The model is available for all cosolvents in the Auton & Bolen parameterization (TMAO, Sarcosine, Betaine, Proline, Sorbitol, Sucrose, Urea, Glycerol, and Trehalose):

using PDBTools
creamer_model = CreamerDenaturedModel(read_pdb(PDBTools.TESTPDB, "protein"))
m = mvalue(creamer_model, "urea"; model=Accessibility)
println("m-value: tot = $(m.tot), bb = $(m.bb), sc=$(m.sc)")

m-value: tot = -1.3231321161399867, bb = -0.6949057404198392, sc=-0.6282263757201474

m = mvalue(creamer_model, "tmao"; model=Accessibility)
println("m-value: tot = $(m.tot), bb = $(m.bb), sc=$(m.sc)")

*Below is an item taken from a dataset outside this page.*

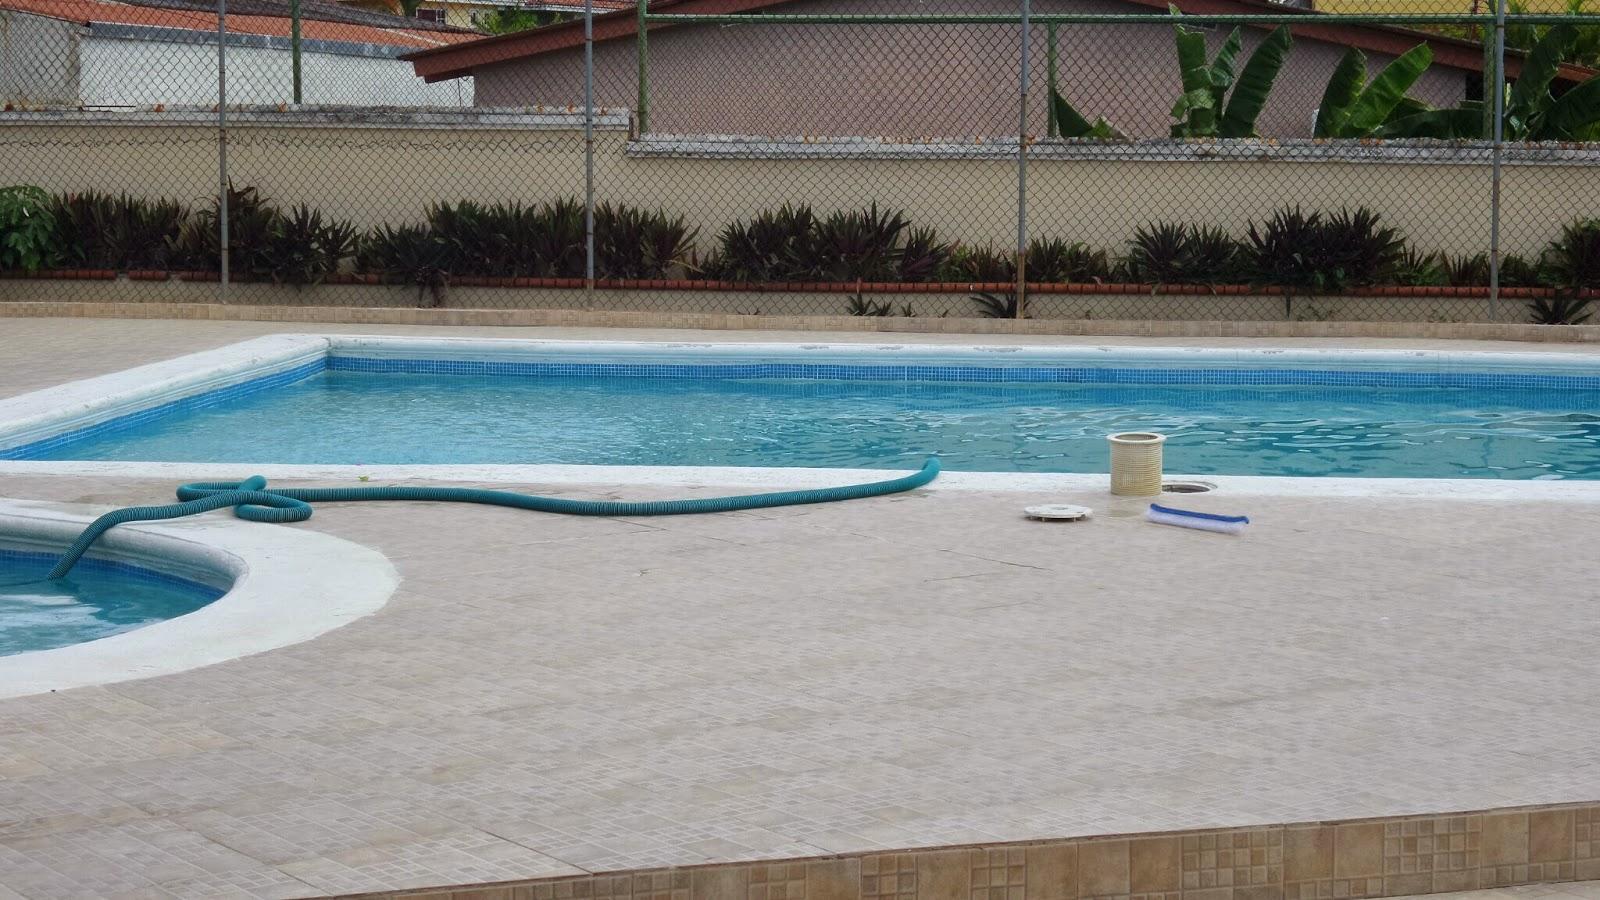 Soluciones dayman s a mantenimiento de piscinas de las for Mantenimiento de la piscina
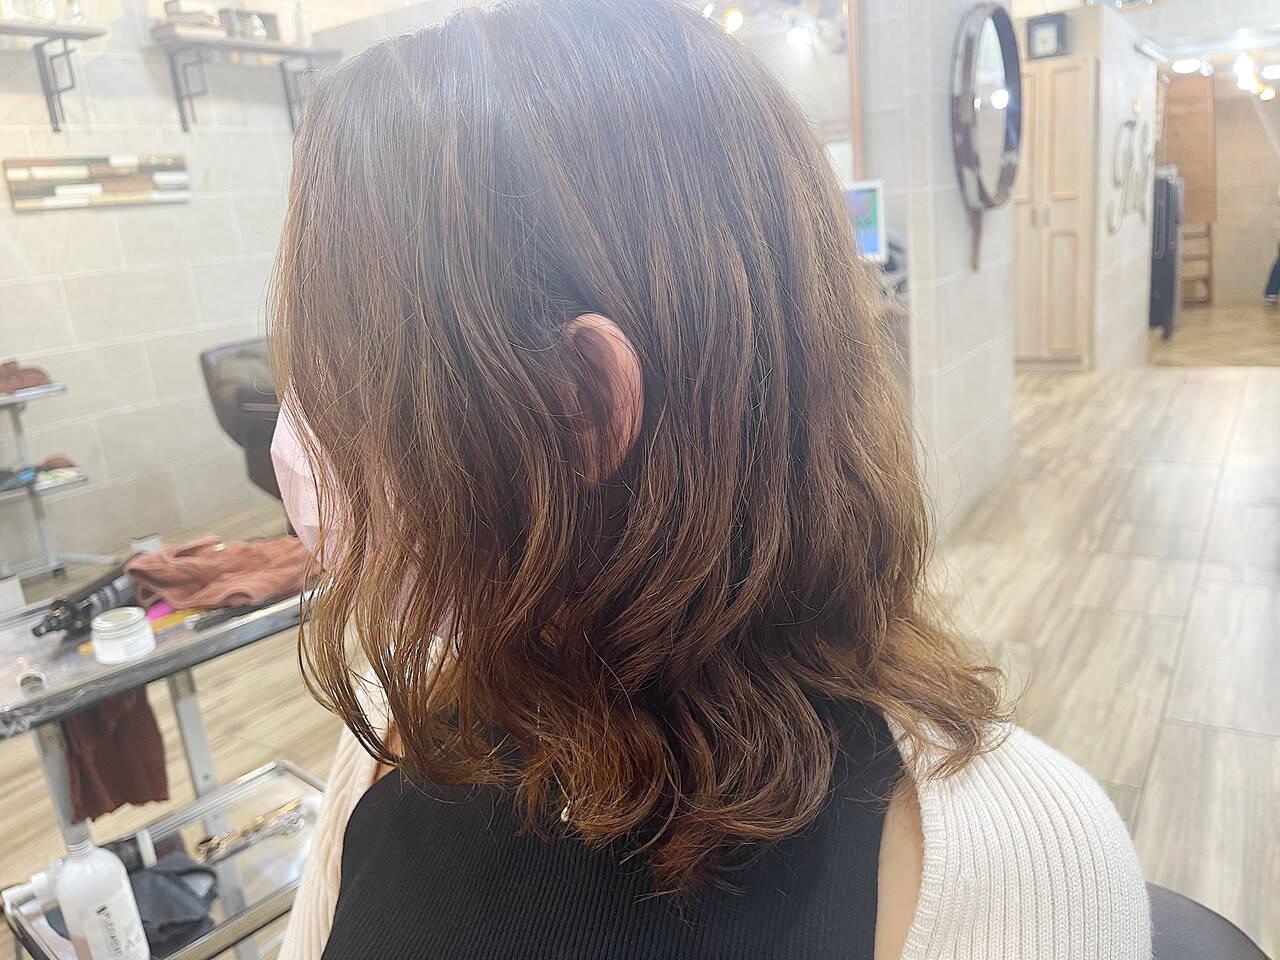 ゆるふわパーマ ミディアム ナチュラル 韓国風ヘアーヘアスタイルや髪型の写真・画像

m-value: tot = 2.2305621684693144, bb = 1.6036284083969474, sc=0.626933760072367

For protecting osmolytes, Accessibility predicts total m-values similar to AutonBolen, but with side-chain contributions that are stabilizing and comparable to, or larger than, the backbone contribution — in contrast to the backbone-dominated picture of AutonBolen. For urea, it reproduces the balanced backbone/side-chain partition of MoeserHorinek. The predictions can differ from the models when the ratio of backbone and side-chain accessibilities differ substantially from averages, or if the exposed surface have very particular amino acid residue compositions.